Monday, February 1, 2016

Paris, Texas


It had been some time since a film left me speechless and stunned.  Rarely happens.  Something so deep and beautiful.  IQIRU, THE LAST PICTURE SHOW,  HOTEL ROWANDA, MAGNOLIA: these are a few that have really taken my breath away.  Films with unexplainable power.   I had never seen Wim Wenders' PARIS, TEXAS, other than a moment or two back when it was featured on HBO in the '80s.  In those days, it would've been too slow and introspective for me.  I hadn't lived enough life back then, anyway, even if I could've related to some of the familial issues and feelings of solitude expressed in Wenders' film.

Seen now, PARIS, TEXAS is a crusher.  A masterpiece of mood and emotion.  Striking Ry Cooder score. Astonishing use of color.  The bright reds and greens almost make the Texas and California landscapes appear Expressionistic, though the hard outline reality of dusty roads and parking lots is always apparent.  The story begins in the big empty of the desert. A drifting man wanders into a bar and passes out after shoving a handful of ice in his mouth.  After a doctor identifies him and calls his brother Walt (Dean Stockwell) - a billboard designer who lives in Los Angeles - we begin to slowly learn about this man.  A beaten soul named Travis (Harry Dean Stanton) who remains mute even after his brother comes to retrieve him.  After an attempted escape, and much prodding by Walt,  Travis eventually begins to speak, desiring to visit Paris.  The one in Texas.

Travis doesn't remember much of what happened during the four years he was missing. A wife and child were left behind.  Hunter, now eight years old, lives with Walt and his wife Anne (Aurore Clement) in L.A.  Travis' wife Jane (Nastassja Kinski) is still in Texas, whereabouts unknown.  Paris, Texas is where he thought he would settle with his family someday.

Travis returns to California with his brother. Things are awkward.   Father and son are strangers, curiosities to each other.  When home movies are shown, Travis' memory reignites, his heart suddenly burdened.  Hunter does not respond to Travis warmly at first.  A relationship is not rebuilt overnight, especially one that may never have existed with any depth.   As time goes on, Anne reveals that every month Jane deposits money into an account for her son.  A bank in Houston.

I can tell you more, of the eventual reunions.  The heartbreak of those left behind.  At one point or another in PARIS, TEXAS each character will know that particular sting.  The unimaginable weight of abandonment. The feelings as hollow and lost as the American West on display so vividly through Robby Mueller's lens.  The story arrives at a conclusion seen in countless dramas, but this one is so perfect in its understatement, yet so emotionally devastating.

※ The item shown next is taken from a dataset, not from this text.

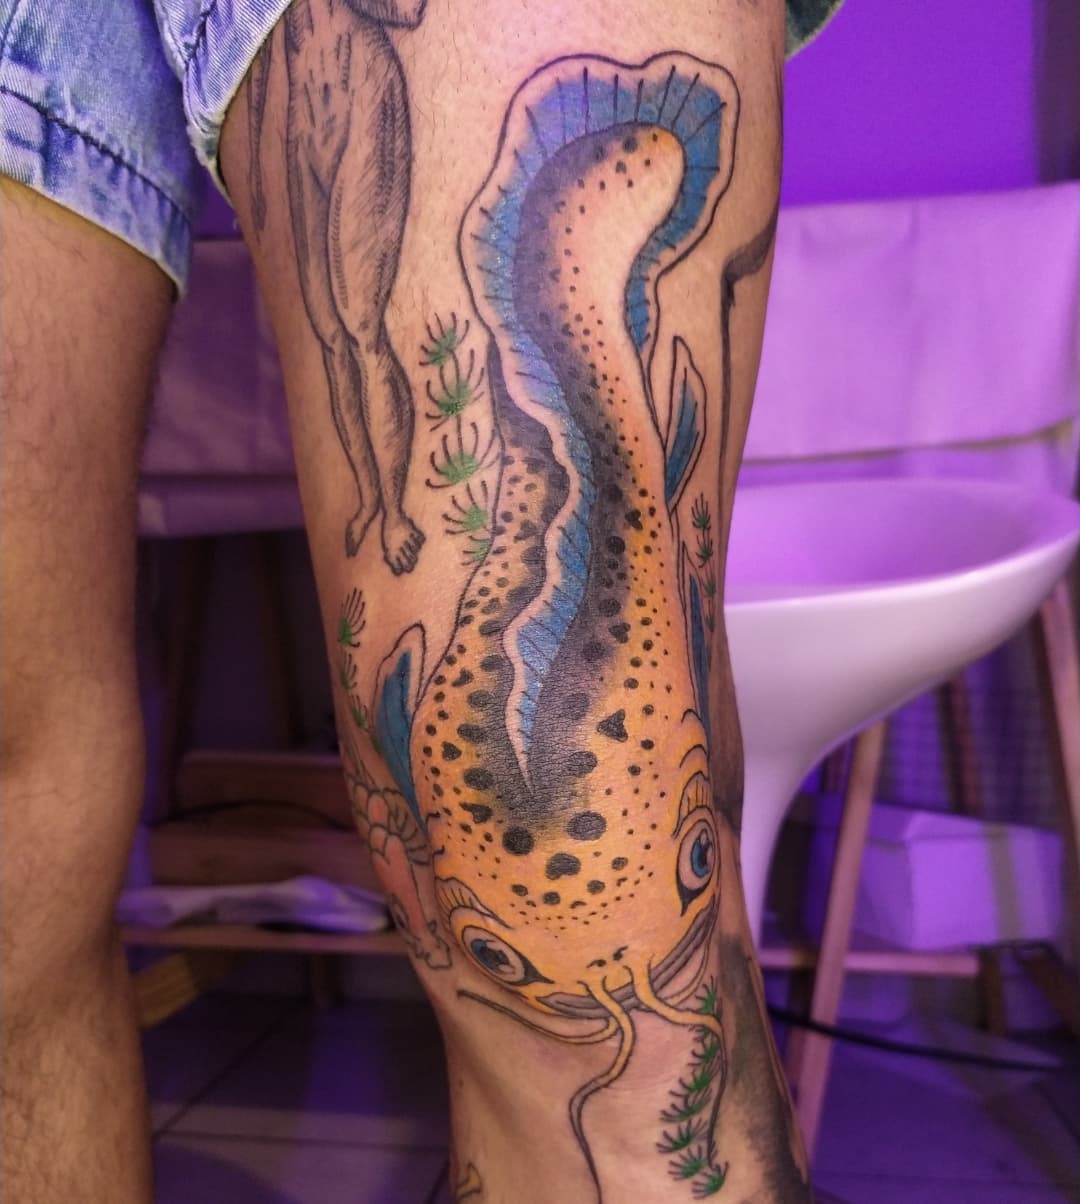 Golden Namazu leg tattoo

Every moment of Wenders' film is mesmerizing.  From the opening shots of a man in the desert to the final moments of a man in a different, though perhaps similar place.  PARIS, TEXAS may play more effectively for viewers who understand the sort of defeat and loneliness Travis experiences.  Others will hiss at his final decision, fail to understand it.  For me, it was all right there in the lengthy scene between estranged husband and wife through the glass.  A perfectly thought out and realized conceit that does not feel contrived or pretentious.  I don't want to ruin it for you, invisible audience.  But see the film and tell me it is not a perfect method through which a man who feels like a ghost, a wraith might decide to communicate his feelings. It is one of my favorite scenes in cinema history, and absolutely one of the most heartbreaking.